**Task details:** Lines from the one containing "CaO Cao (155-15" through the final line of the data, restated word for word and free of pictures, make up the whole answer.

**The data:**
-----

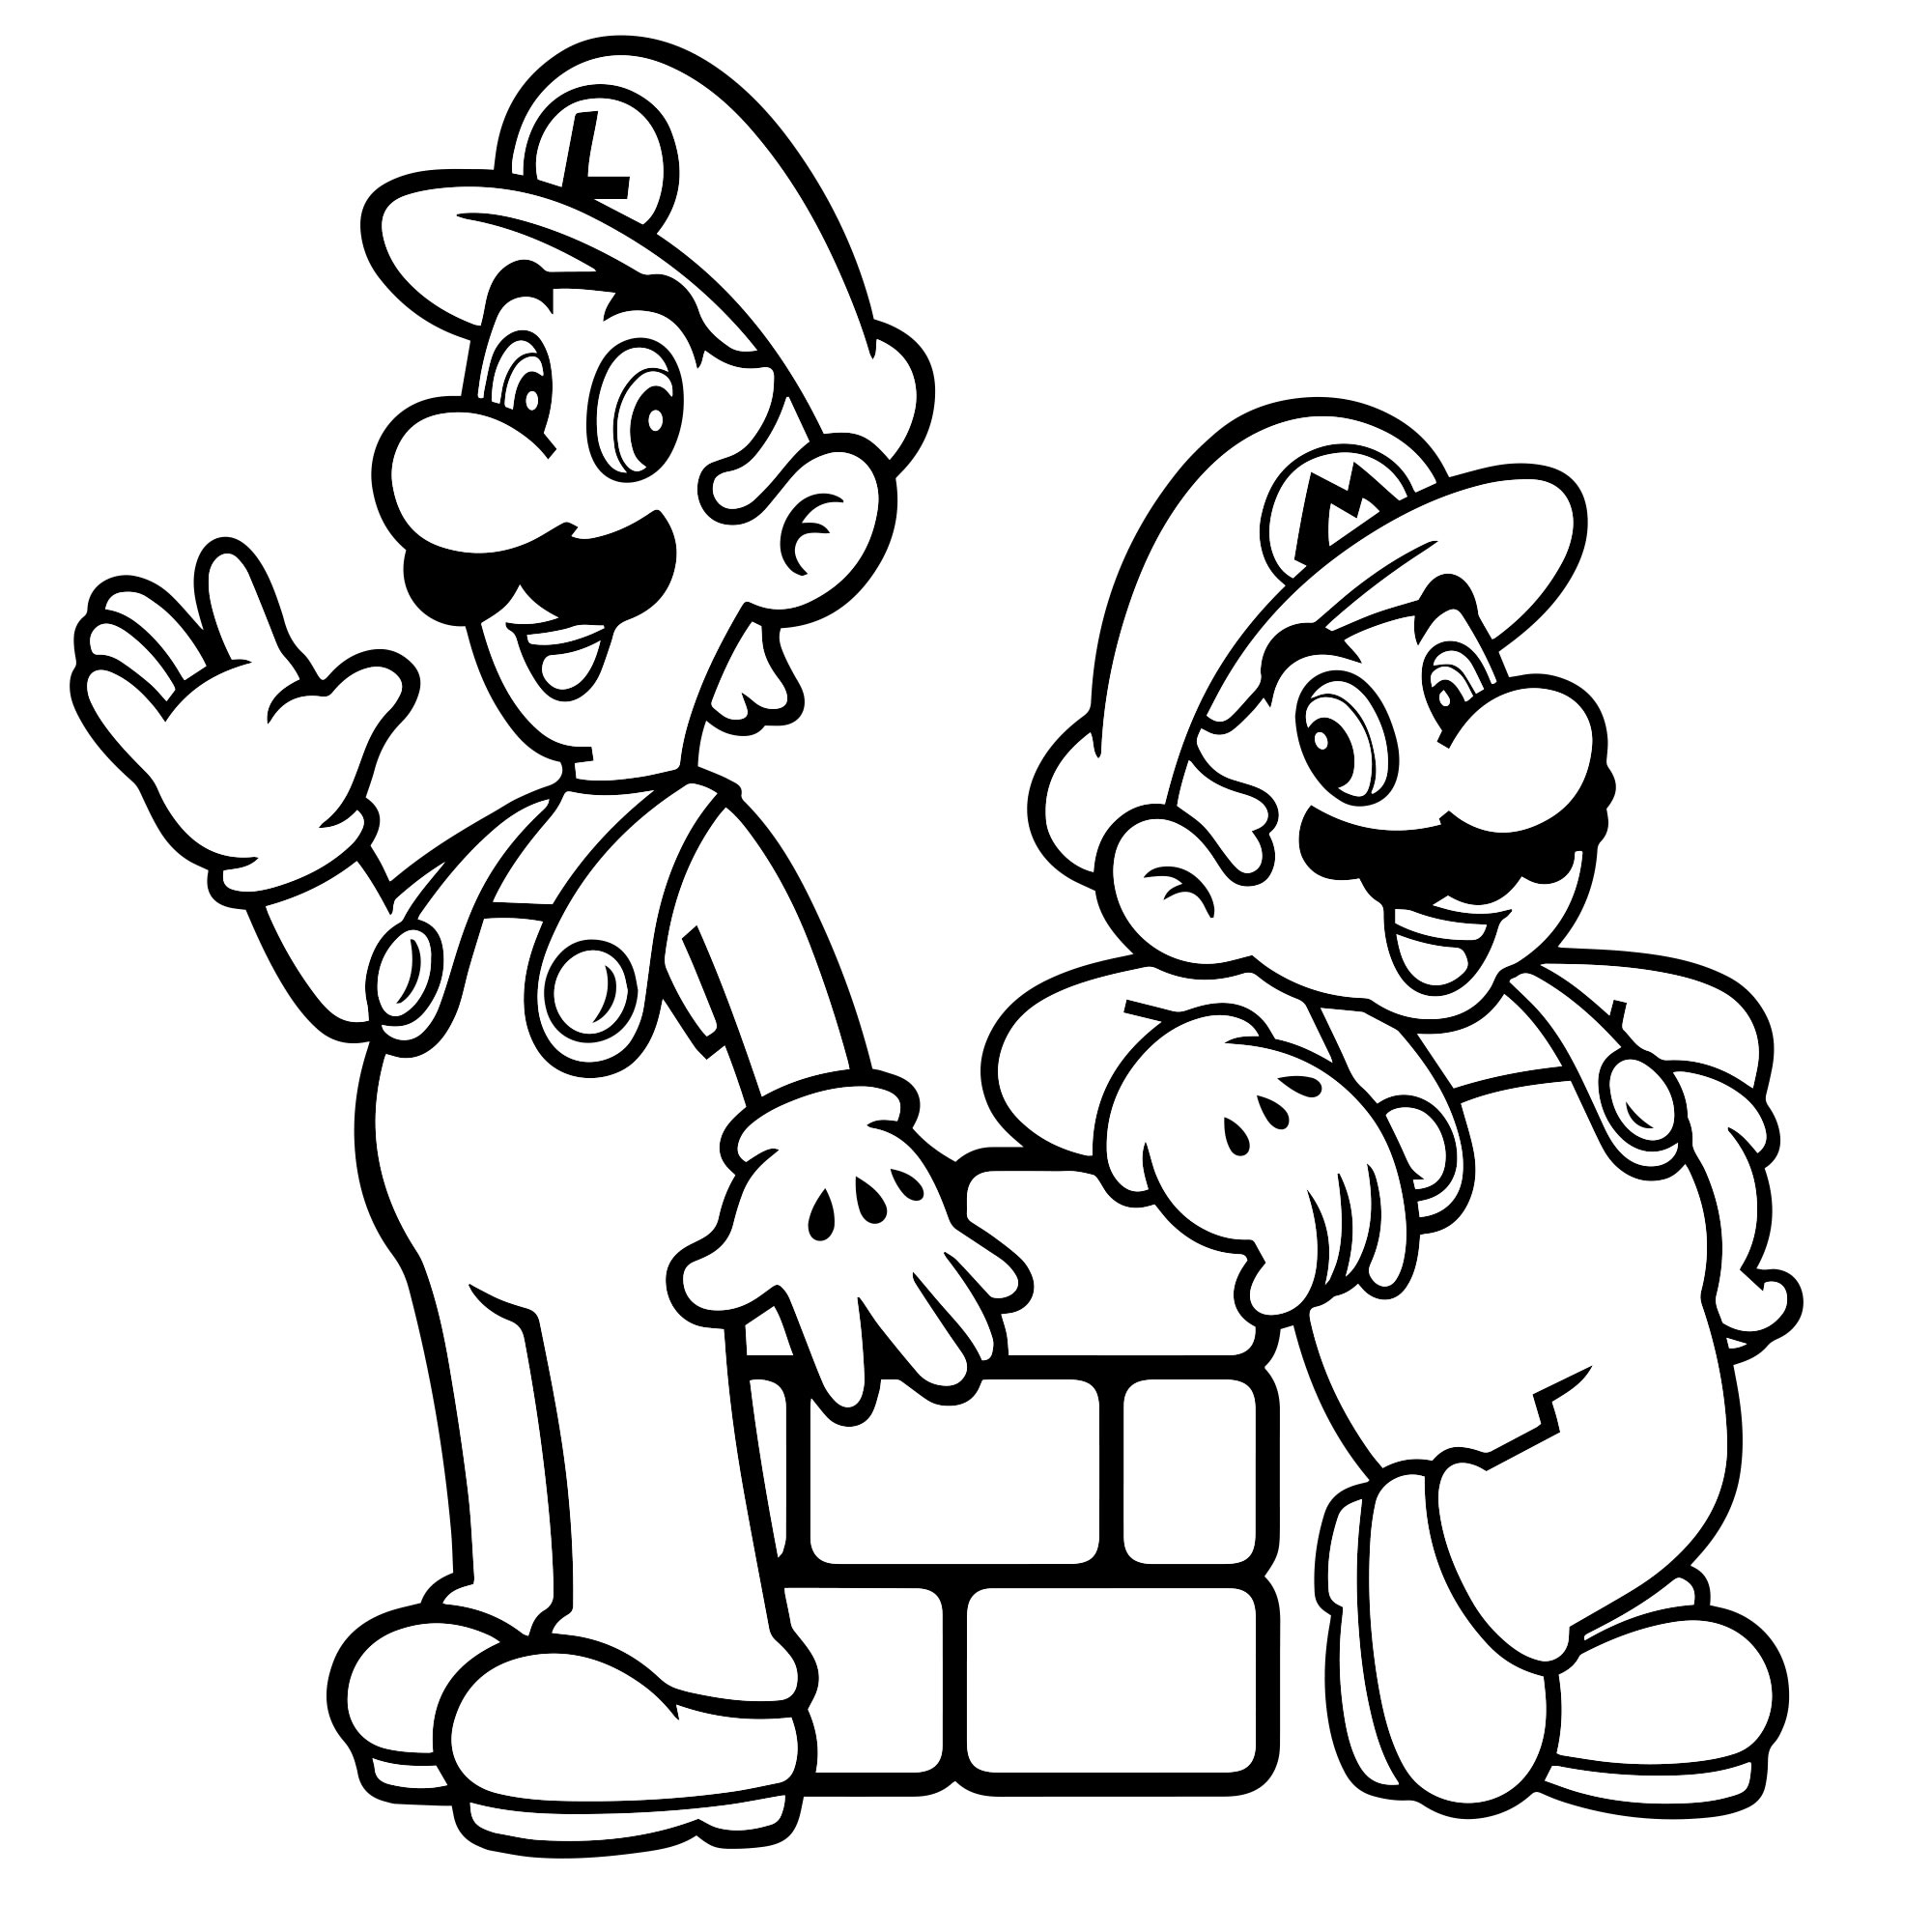 Братья Марио раскраска для детей
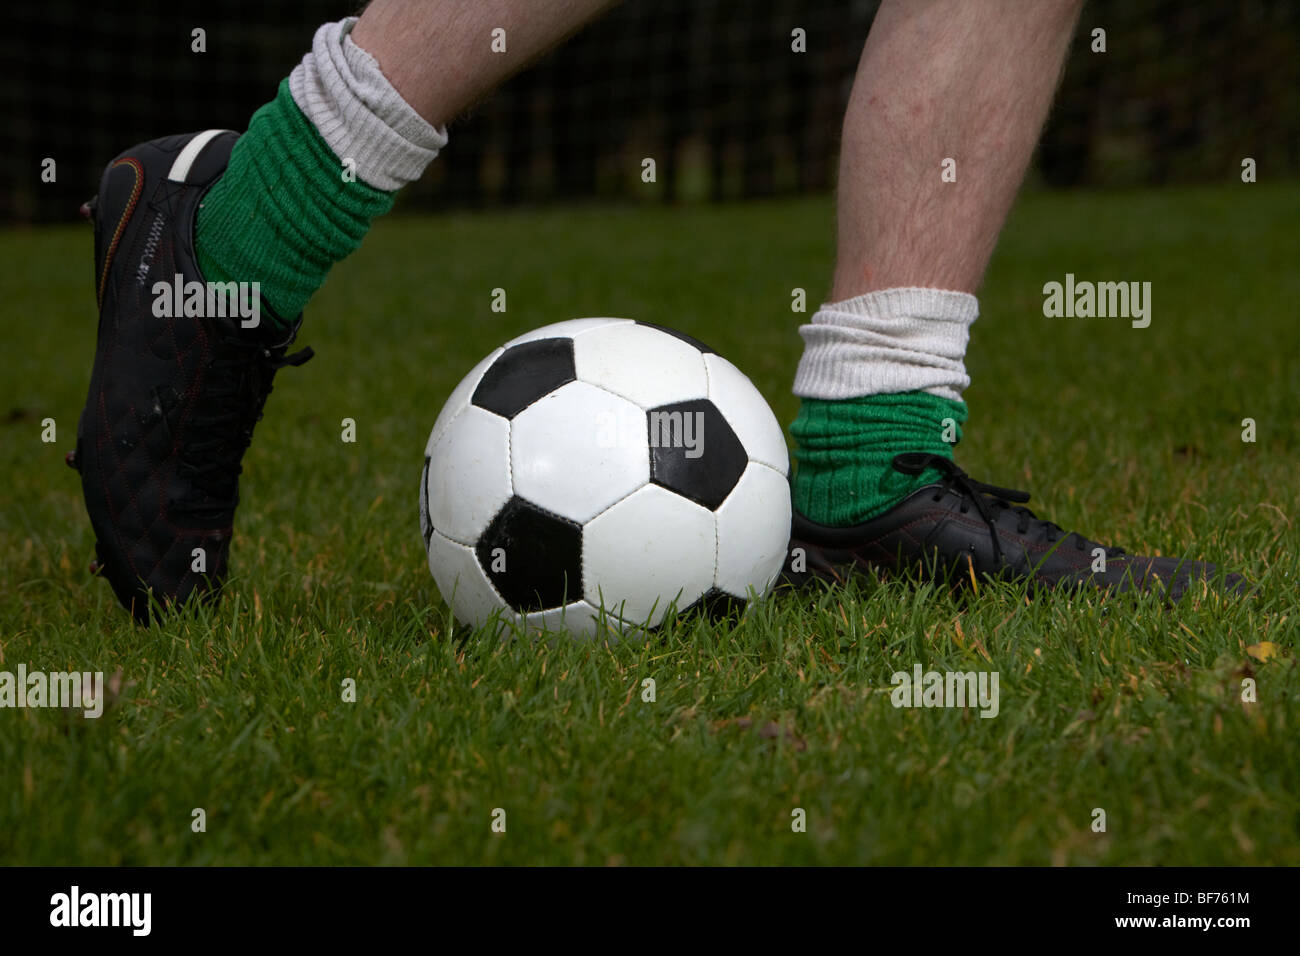 Fußball-Fußball-Spieler vorwärts Bewegung einer Kugel üben Modell zu kicken freigegeben Bild Stockfoto
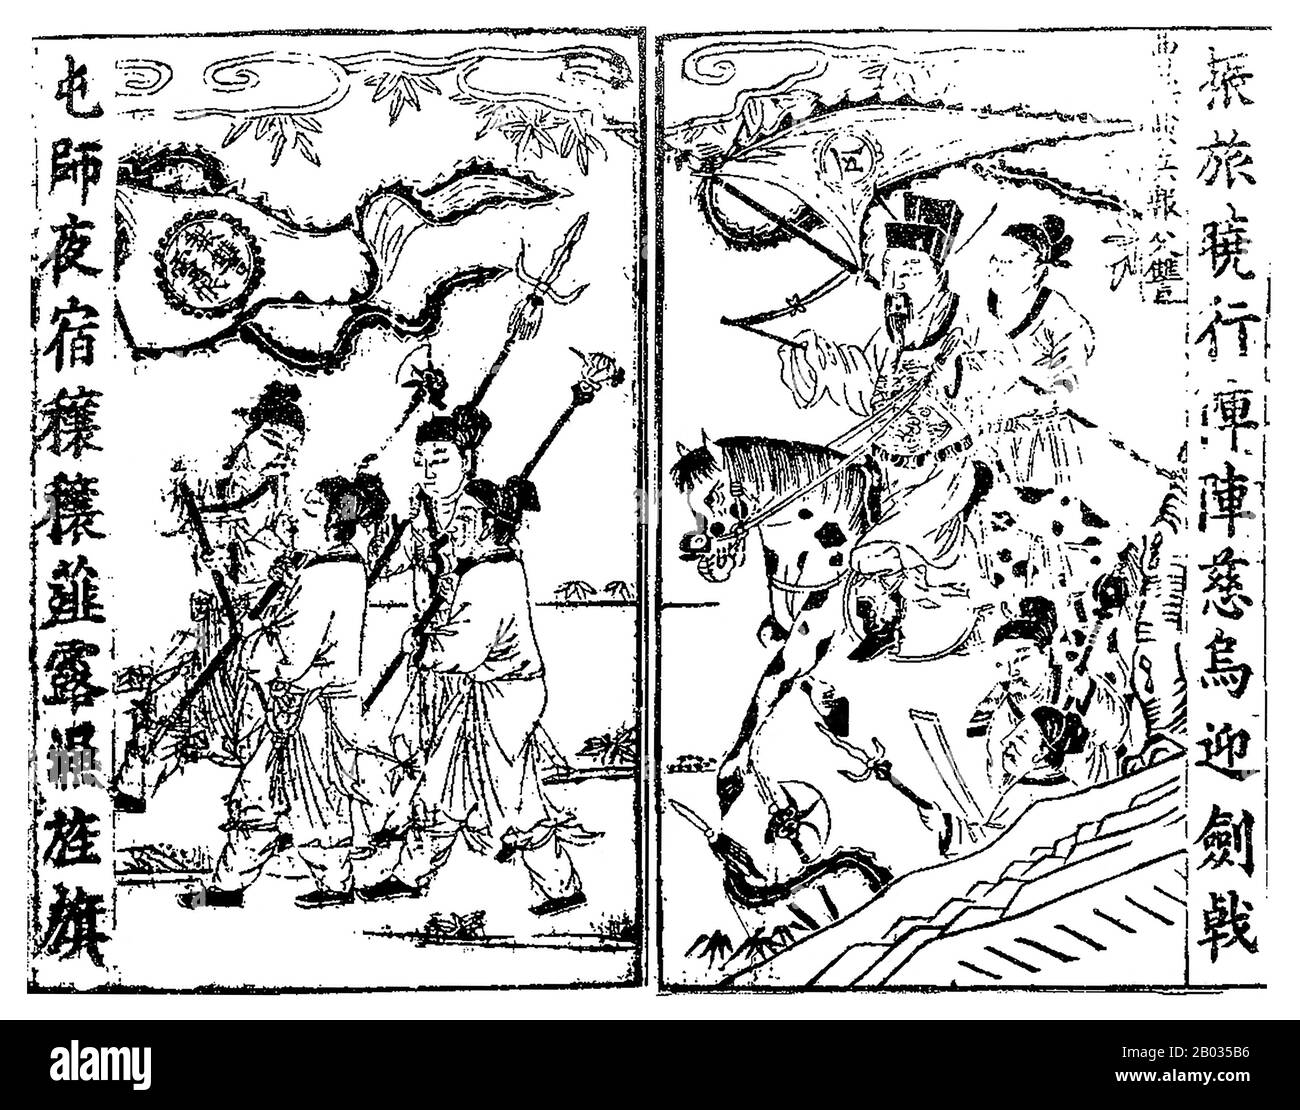 CaO Cao (155-15 marzo 220), nome di cortesia Mengde, è stato uno dei più importanti signori della guerra durante il periodo dei regni degli alberi. Il penultimo cancelliere della dinastia Han orientale, Cao è salito al grande potere negli ultimi anni della dinastia. Quando cadde la dinastia degli Han Orientali, Cao Cao riuscì a garantire le città più grandi e prospere delle pianure centrali della Cina settentrionale, riunendosi sotto il suo dominio. Durante Il Periodo Dei Tre Regni, pose le basi per quello che sarebbe diventato lo stato di Cao Wei, onorato postumo con il titolo di 'Imperatore Wu di Wei'. Anche se era stato molto successo Foto Stock
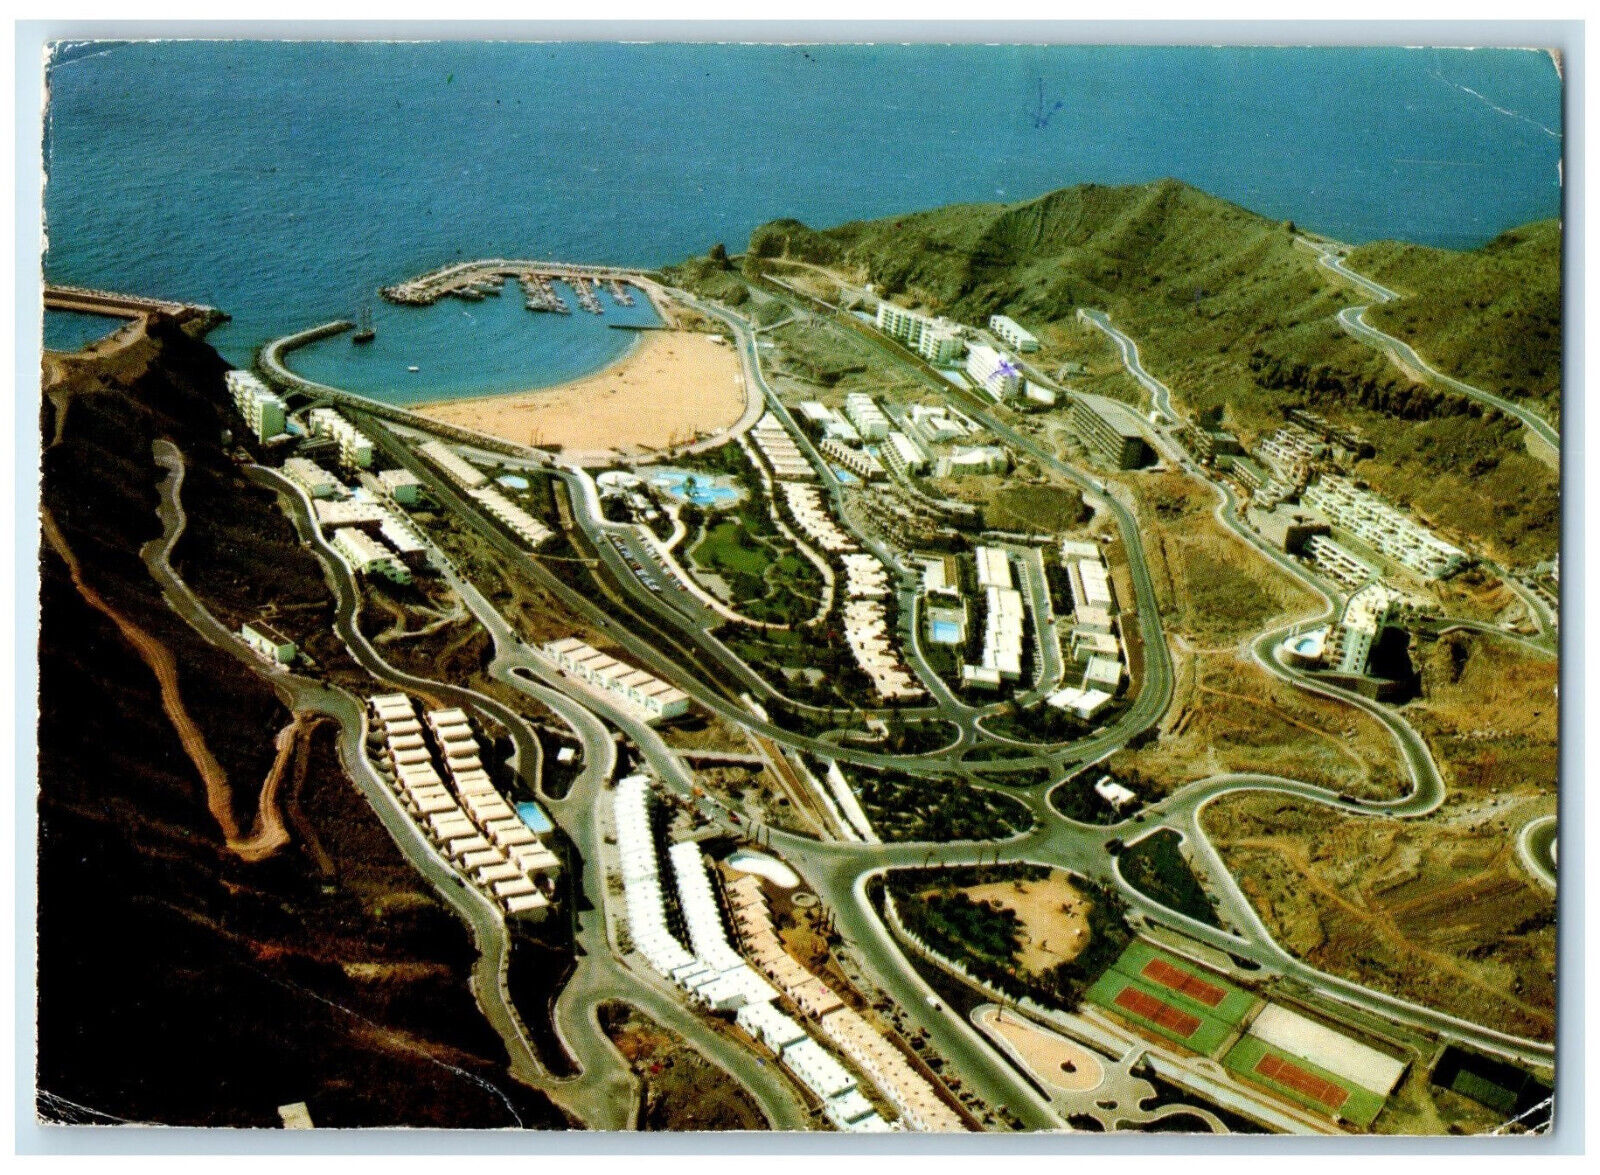 1974 General Aerial View Islas Canarias Puerto Rico (Gran Canaria) Postcard

-----

**Solution for this exercise:**
 CaO Cao (155-15 marzo 220), nome di cortesia Mengde, è stato uno dei più importanti signori della guerra durante il periodo dei regni degli alberi. Il penultimo cancelliere della dinastia Han orientale, Cao è salito al grande potere negli ultimi anni della dinastia. Quando cadde la dinastia degli Han Orientali, Cao Cao riuscì a garantire le città più grandi e prospere delle pianure centrali della Cina settentrionale, riunendosi sotto il suo dominio. Durante Il Periodo Dei Tre Regni, pose le basi per quello che sarebbe diventato lo stato di Cao Wei, onorato postumo con il titolo di 'Imperatore Wu di Wei'. Anche se era stato molto successo Foto Stock
 1974 General Aerial View Islas Canarias Puerto Rico (Gran Canaria) Postcard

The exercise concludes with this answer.